Companies use regression to understand ROI of different marketing channels and optimize budget allocation.

Code Example

python
import numpy as np

class LinearRegression:
    """
    Linear Regression from scratch using Gradient Descent
    """
    def __init__(self, learning_rate=0.01, n_iterations=1000):
        self.learning_rate = learning_rate
        self.n_iterations = n_iterations
        self.weights = None
        self.bias = None
        self.loss_history = []

    def fit(self, X, y):
        """Train the model using gradient descent"""
        n_samples, n_features = X.shape

        # Initialize parameters
        self.weights = np.zeros(n_features)
        self.bias = 0

        # Gradient descent
        for i in range(self.n_iterations):
            # Forward pass: predictions
            y_pred = np.dot(X, self.weights) + self.bias

            # Compute loss (MSE)
            loss = np.mean((y - y_pred) ** 2)
            self.loss_history.append(loss)

            # Compute gradients
            dw = -(2/n_samples) * np.dot(X.T, (y - y_pred))
            db = -(2/n_samples) * np.sum(y - y_pred)

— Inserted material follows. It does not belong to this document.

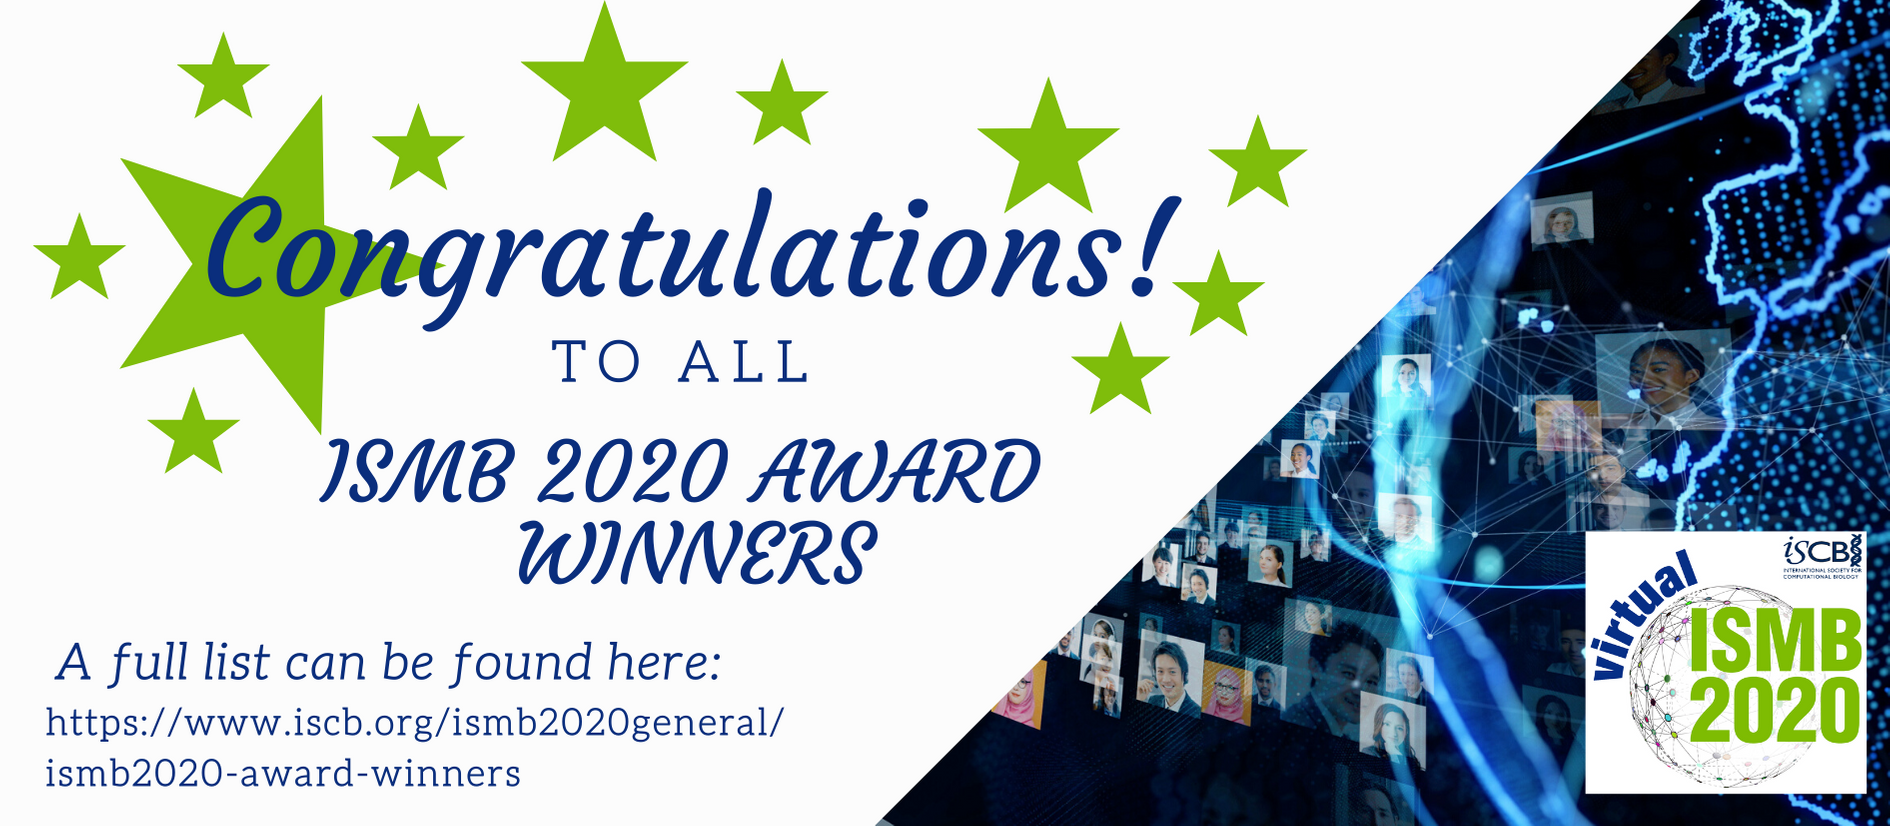 Congratulations to all the ISMB 2020 award winners!

            # Update parameters
            self.weights -= self.learning_rate * dw
            self.bias -= self.learning_rate * db

            if i % 100 == 0:
                print(f"Iteration {i}, Loss: {loss:.4f}")

        return self

    def predict(self, X):
        """Make predictions"""
        return np.dot(X, self.weights) + self.bias

    def r2_score(self, X, y):
        """Calculate R² score"""
        y_pred = self.predict(X)
        ss_res = np.sum((y - y_pred) ** 2)
        ss_tot = np.sum((y - np.mean(y)) ** 2)
        return 1 - (ss_res / ss_tot)

# Example usage
np.random.seed(42)

# Generate synthetic data: y = 3x + 2 + noise
X = 2 * np.random.rand(100, 1)
y = 3 * X.squeeze() + 2 + np.random.randn(100) * 0.5

# Train model
model = LinearRegression(learning_rate=0.1, n_iterations=500)
model.fit(X, y)

print(f"\nLearned weight: {model.weights[0]:.4f} (true: 3)")
print(f"Learned bias: {model.bias:.4f} (true: 2)")
print(f"R² Score: {model.r2_score(X, y):.4f}")

# Predict new values
X_new = np.array([[0], [1], [2]])
predictions = model.predict(X_new)
print(f"\nPredictions for [0, 1, 2]: {predictions}")

This implementation shows the core of linear regression: initialize parameters, compute predictions, calculate loss, compute gradients, and update parameters. This same pattern applies to neural networks - just with more complex architectures!

Practice Problems

  • 1Implement linear regression with regularization (L1/L2)
  • 2Use linear regression on a real dataset (Boston Housing)
  • 3Compare your implementation with scikit-learn's LinearRegression

Summary

Linear regression is foundational to ML. The concepts of loss functions, gradient descent, and optimization apply to nearly all ML algorithms. Master this, and you'll have intuition for understanding complex models.